远远看去,冰蓝水人所过之处,方圆数百米的炙热沙漠都变成一片冰地,似连头顶上的火红太阳,都变成了冰蓝颜色,这股力量……啧啧,不需要做任何攻击,只要被它追上来一个热情拥抱,哪怕圣月贤狼也要变成冰雕。
近了,更近了,我终于看清楚了冰蓝水人的模样。
竟然是……是一个人类少女模样?
我已经记不得是第几次目瞪口呆了,都快能把今天定为目瞪口呆纪念日了。
一开始的时候,的确是看到它变成人类形态,但是来不及细看,我还以为一定是狰狞无比,三头六臂,獠牙恶角的伪人类形象,毕竟大虫督瑞尔,玩过游戏都懂得。

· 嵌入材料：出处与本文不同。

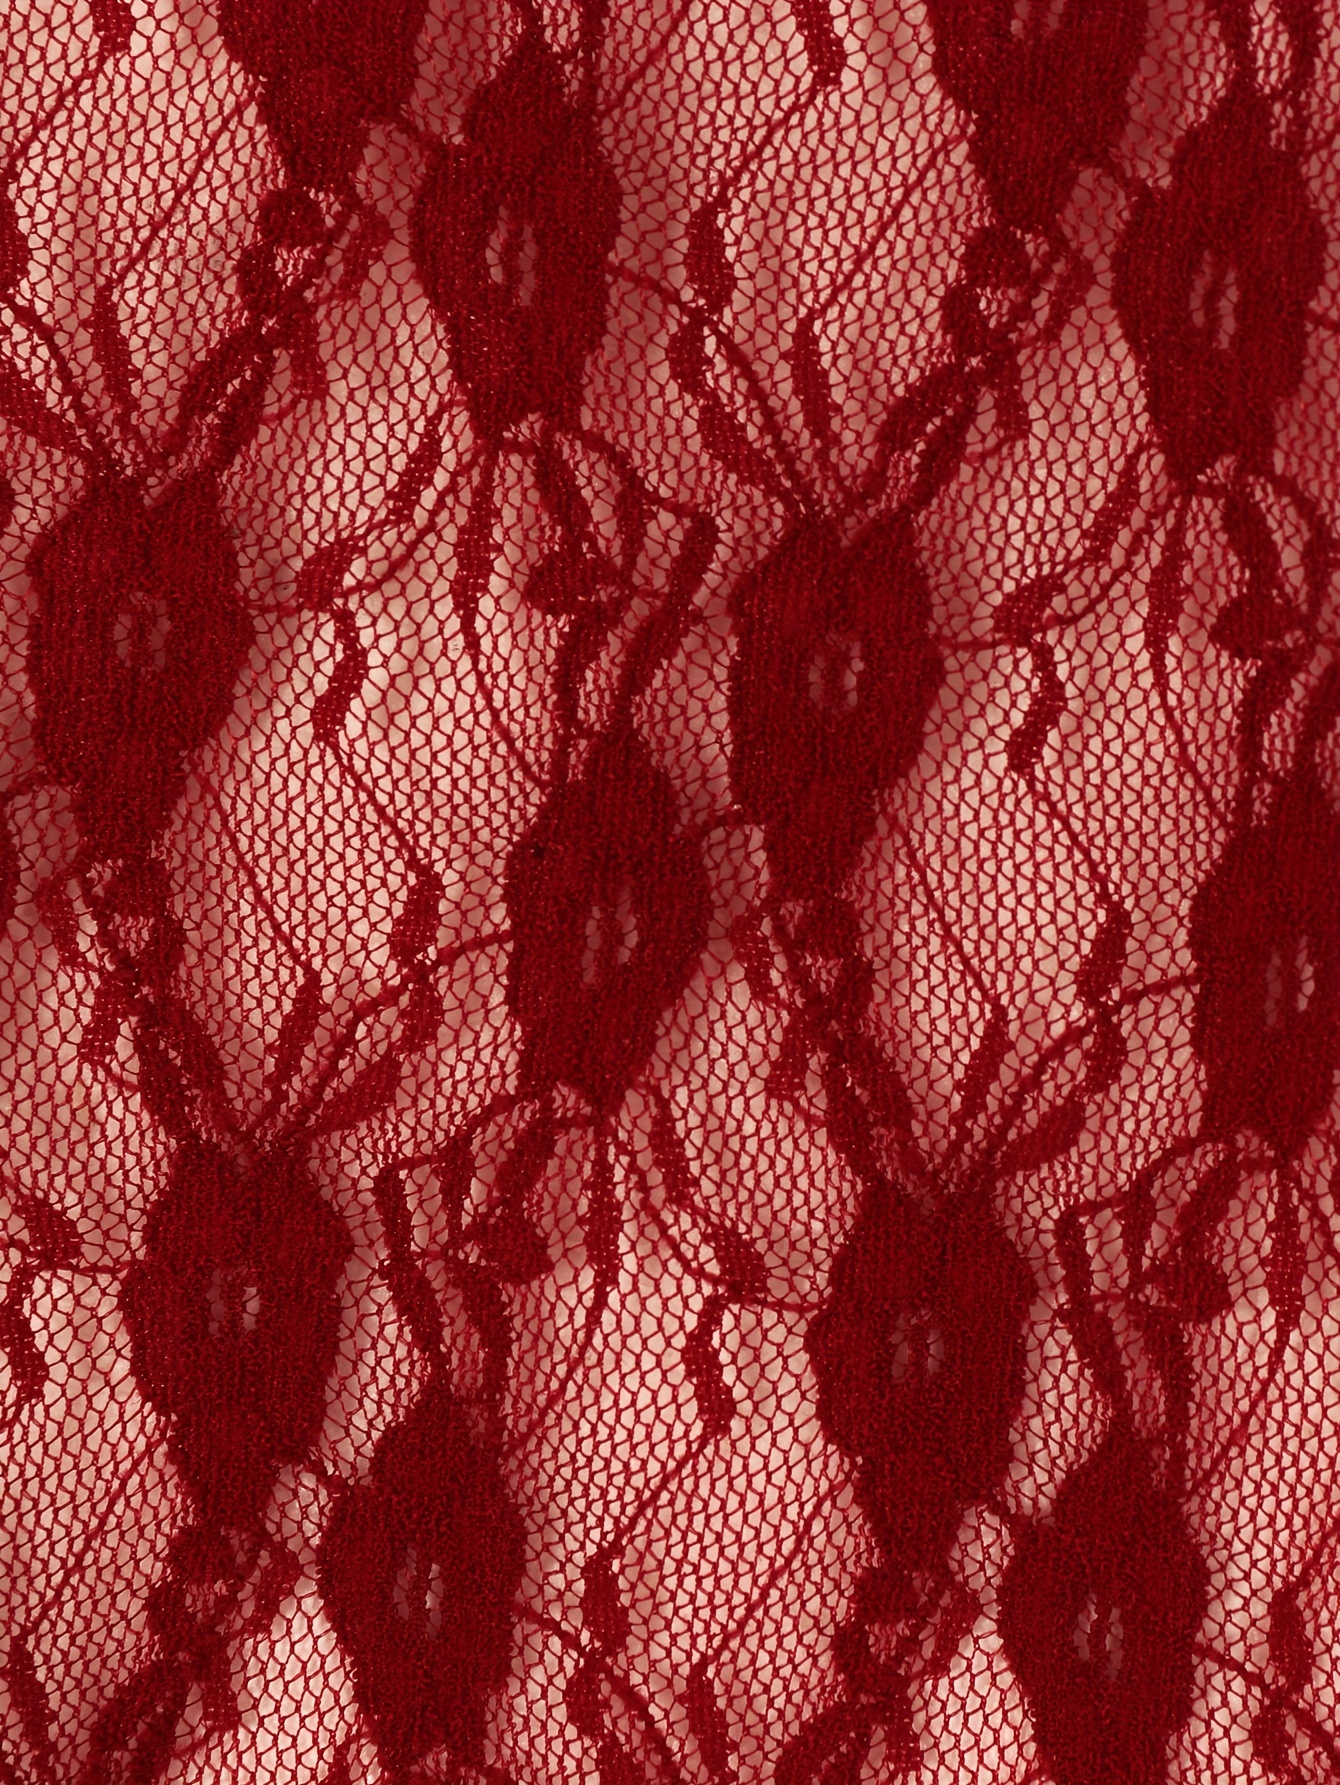 Stretch Lace Fabric Red

可是现在一看,却是纤细少女模样,除了脸上没有鼻子眼睛嘴巴,看起来略诡异以外,竟然完全符合人类的审美观,不看脸,无视那冰蓝色的肌肤,光是身材比例,以及各种完美的轮廓线条体态等等细节,脑海中就能冒出绝世美少女这样的最高评价。
而且,还是一位身穿白袍,月色长发,有着淡淡圣洁气息的绝世美少女!
而且,这位圣洁的绝世美少女,胸部还很有料!
最让我不明觉厉的是,这位胸部十分有料的绝世美少女,竟然还很眼熟?
好吧,决定了,本德鲁伊的目瞪口呆纪念日,就是今天了。